在工业 4.0 的背景下，确保数字孪生（DT）与制造业现有软件系统的兼容性是一项重大挑战。资产管理外壳（AAS）的概念是资产的标准化数字孪生，它提供了一个强大的框架，通过可互操作的知识表示将数字孪生与现有的软件基础设施连接起来。虽然 IEC 63278 系列规定了 AAS 元模型，但它缺乏自动映射现有软件专有数据和 AAS 信息模型的匹配策略。为了弥补这一不足，我们引入了一种新颖的双数据映射系统（DDMS），该系统利用经过微调的开源大型语言模型（LLM）进行实体匹配。该系统不仅能促进现有软件与 AAS 模型之间的映射，还能促进 AAS 模型与标准化词汇词典之间的映射，从而增强模型的语义互操作性。注塑成型领域的一个案例研究说明了 DDMS 在自动创建 AAS 实例方面的实际应用，无缝集成了制造商的现有数据。此外，我们还广泛研究了微调解码 LLM 作为生成分类器和基于编码的分类器在实体匹配任务中的潜力。为此，我们通过收集和编译 AAS 相关资源，建立了两个 AAS 专用数据集。此外，我们还在一般实体匹配基准数据集上进行了补充实验，以确保我们的经验结论和见解具有普遍适用性。实验结果表明，经过微调的生成式 LLM 分类器取得了稍好的结果，而基于编码的分类器的推理速度要快得多。此外，经过微调的 LLM 超越了所有最先进的实体匹配方法，包括通过上下文学习和思维链增强的 GPT-4。这些证据凸显了所提出的 DDMS 在弥合 DT 应用程序中的互操作性差距方面的有效性，为制造业提供了一个可扩展的解决方案。

本文章由计算机程序翻译，如有差异，请以英文原文为准。

求助全文

约1分钟内获得全文去求助

来源期刊

Robotics and Computer-integrated Manufacturing 工程技术-工程：制造

CiteScore

24.10

自引率

13.50%

发文量

160

审稿时长

50 days

期刊介绍： The journal, Robotics and Computer-Integrated Manufacturing, focuses on sharing research applications that contribute to the development of new or enhanced robotics, manufacturing technologies, and innovative manufacturing strategies that are relevant to industry.
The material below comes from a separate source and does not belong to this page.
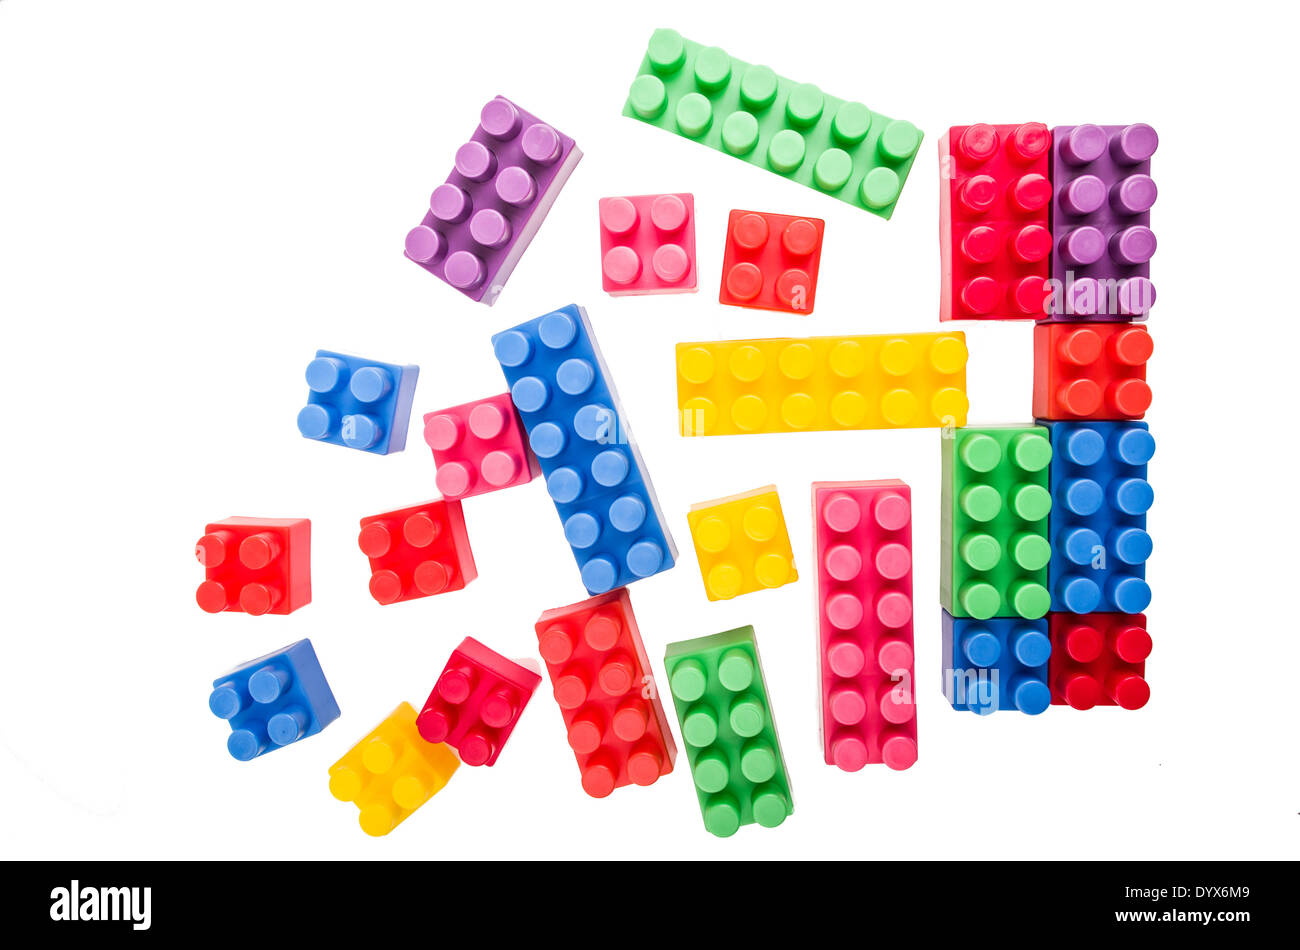 building blocks forming a square on a white background Stock Photo

Papers that combine theory and experimental validation are preferred, while review papers on current robotics and manufacturing issues are also considered. However, papers on traditional machining processes, modeling and simulation, supply chain management, and resource optimization are generally not within the scope of the journal, as there are more appropriate journals for these topics. Similarly, papers that are overly theoretical or mathematical will be directed to other suitable journals. The journal welcomes original papers in areas such as industrial robotics, human-robot collaboration in manufacturing, cloud-based manufacturing, cyber-physical production systems, big data analytics in manufacturing, smart mechatronics, machine learning, adaptive and sustainable manufacturing, and other fields involving unique manufacturing technologies.